REQUIRED WORK: Please restate each line of the data that follows word for word, skipping any image.

------ DATASET CONTENT ------

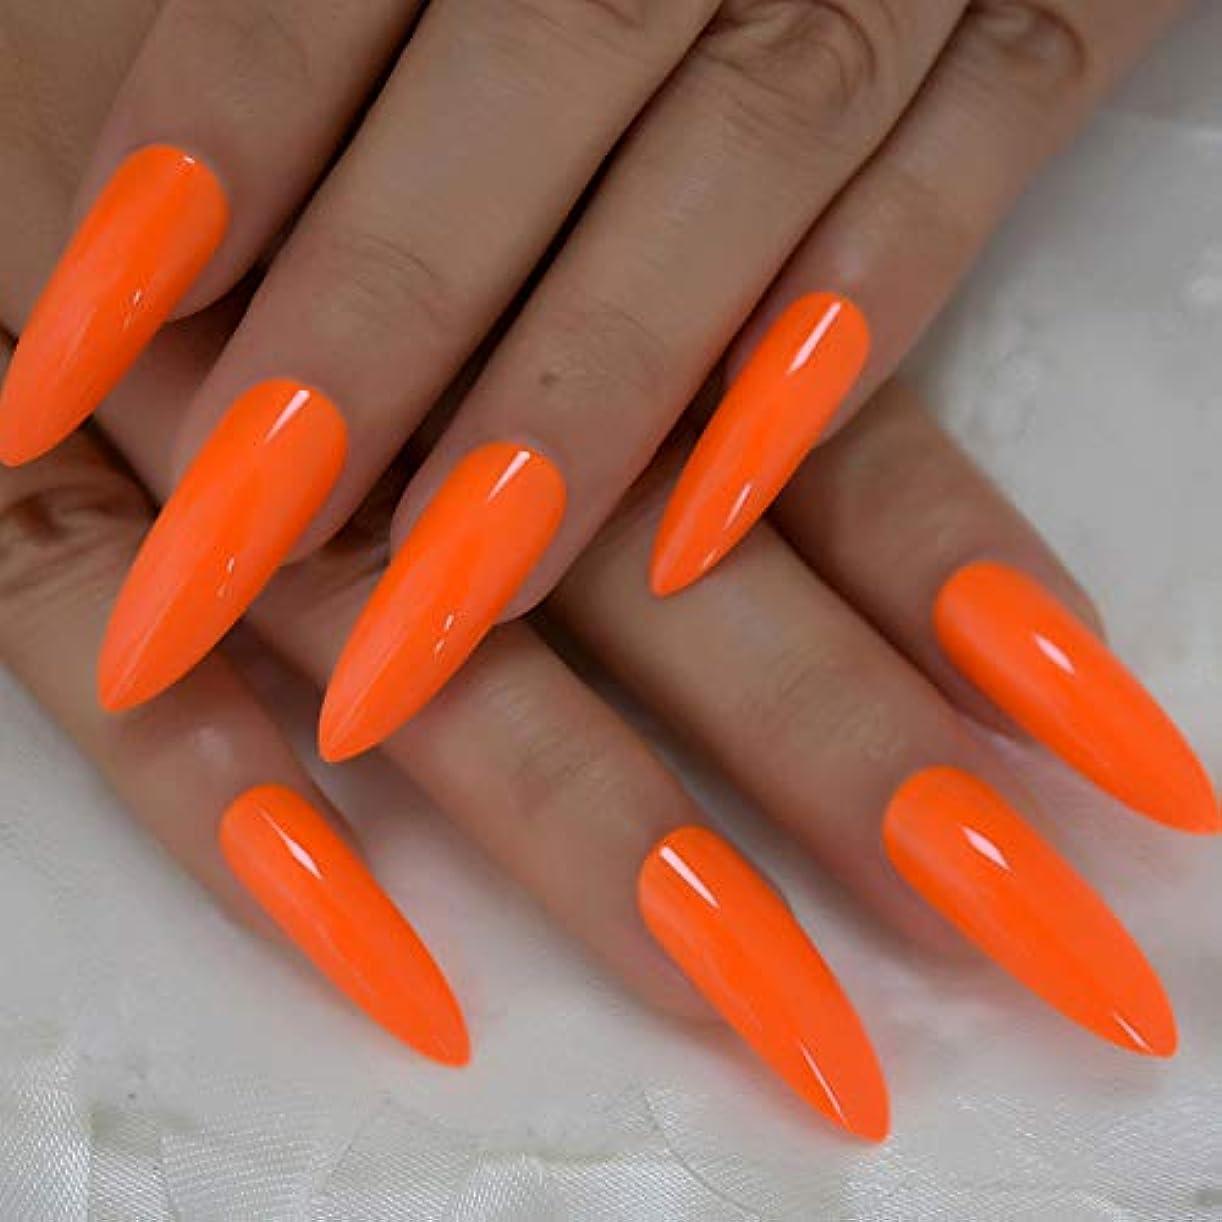 前進側溝先生XUTXZKA 偽の爪長く明るいオレンジ色の装飾マニキュアのヒント
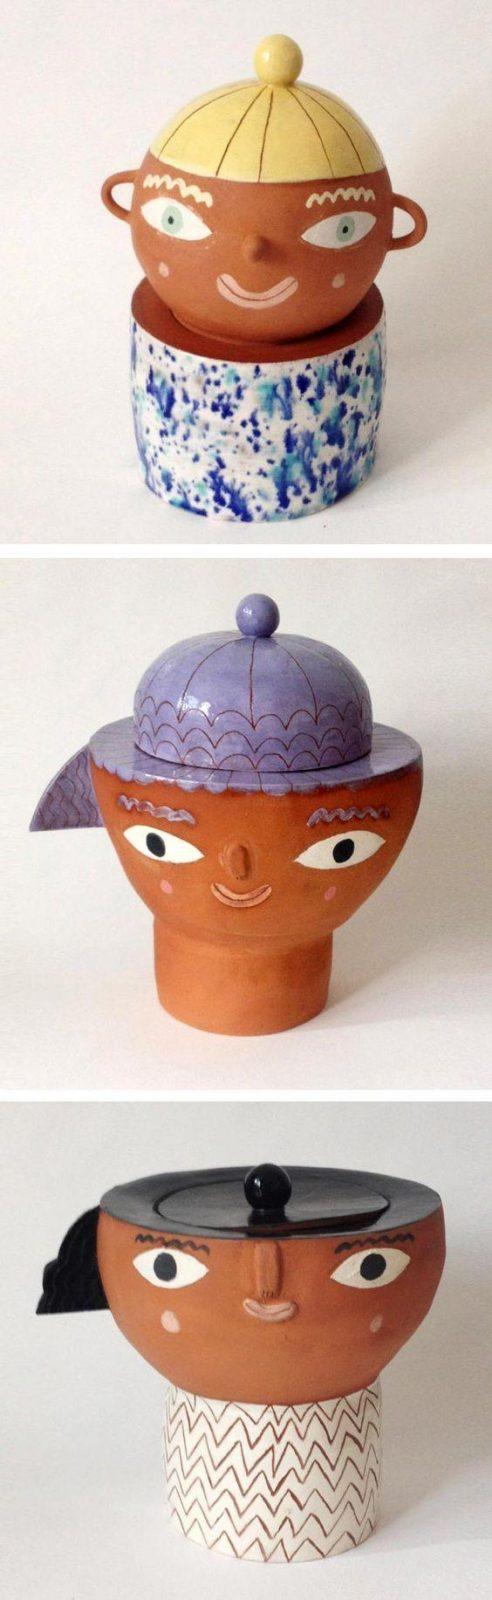 Pinterest Pinner Interview No. 11/16: Sara von Brown Paper Bag Laura Bird's haired jars | Pinspiration
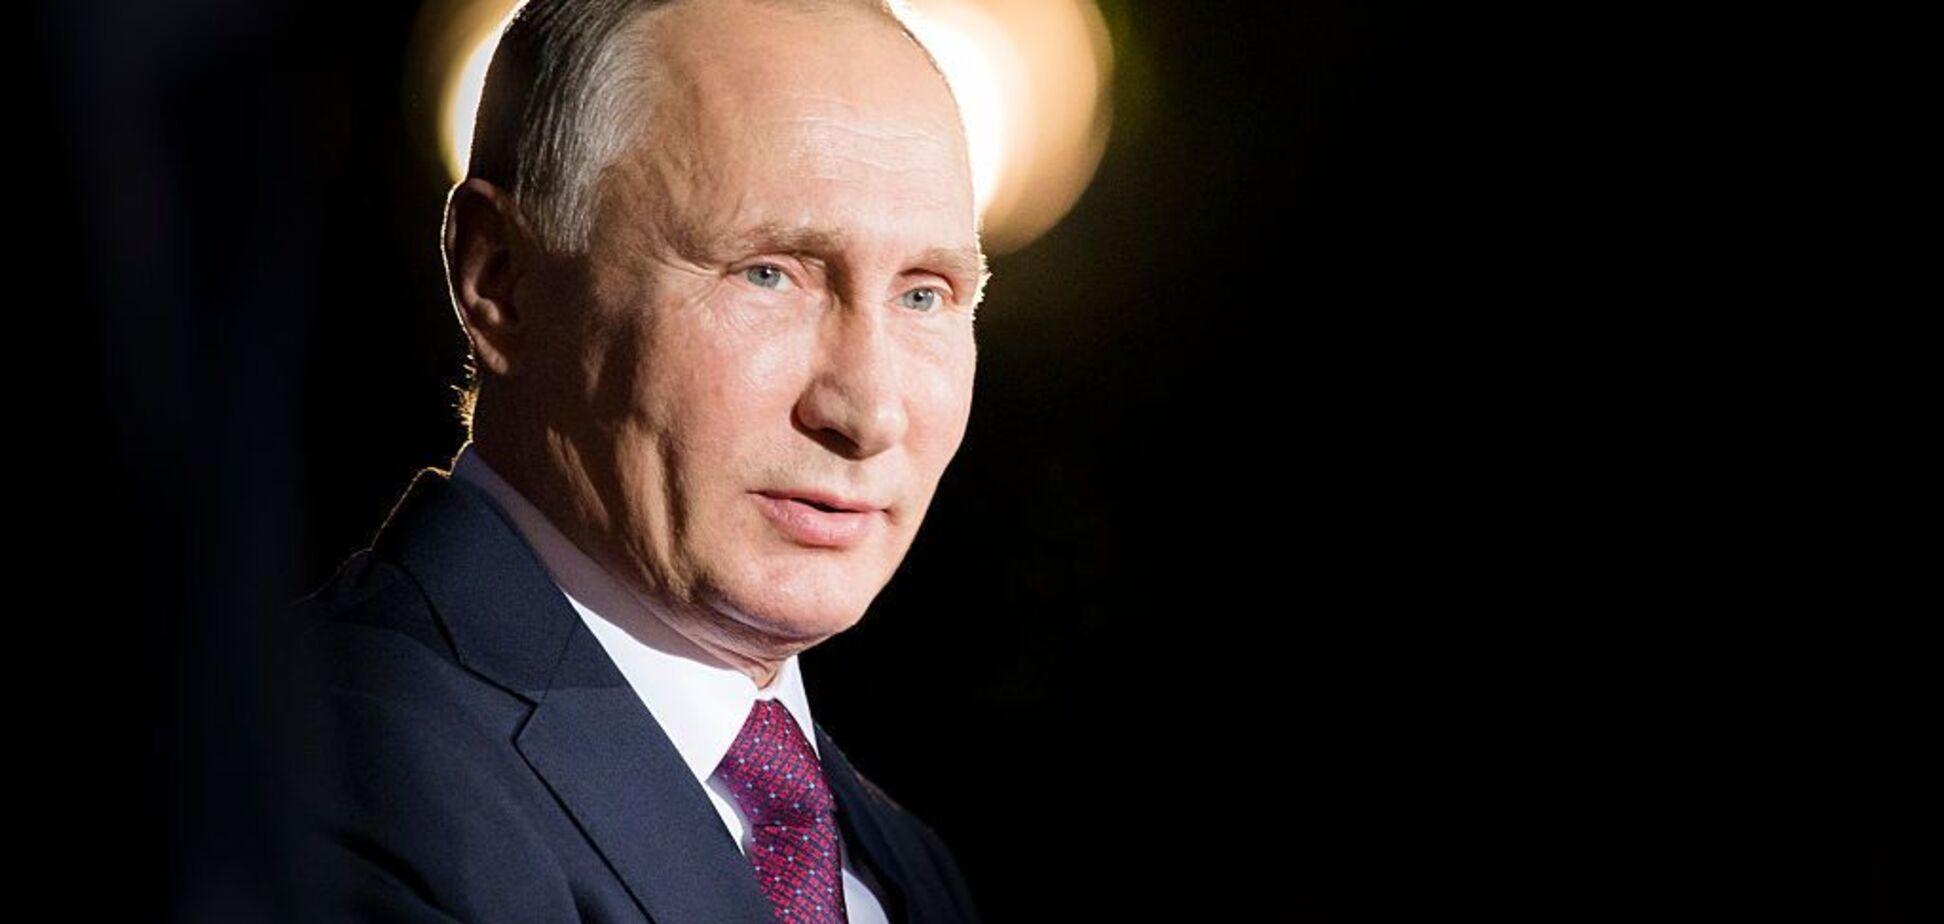 Чудова форма: як розписаний день у Путіна

------

SOLUTION FOR THIS PROBLEM:
 前進側溝先生XUTXZKA 偽の爪長く明るいオレンジ色の装飾マニキュアのヒント
 Pinterest Pinner Interview No. 11/16: Sara von Brown Paper Bag Laura Bird's haired jars | Pinspiration
 Чудова форма: як розписаний день у Путіна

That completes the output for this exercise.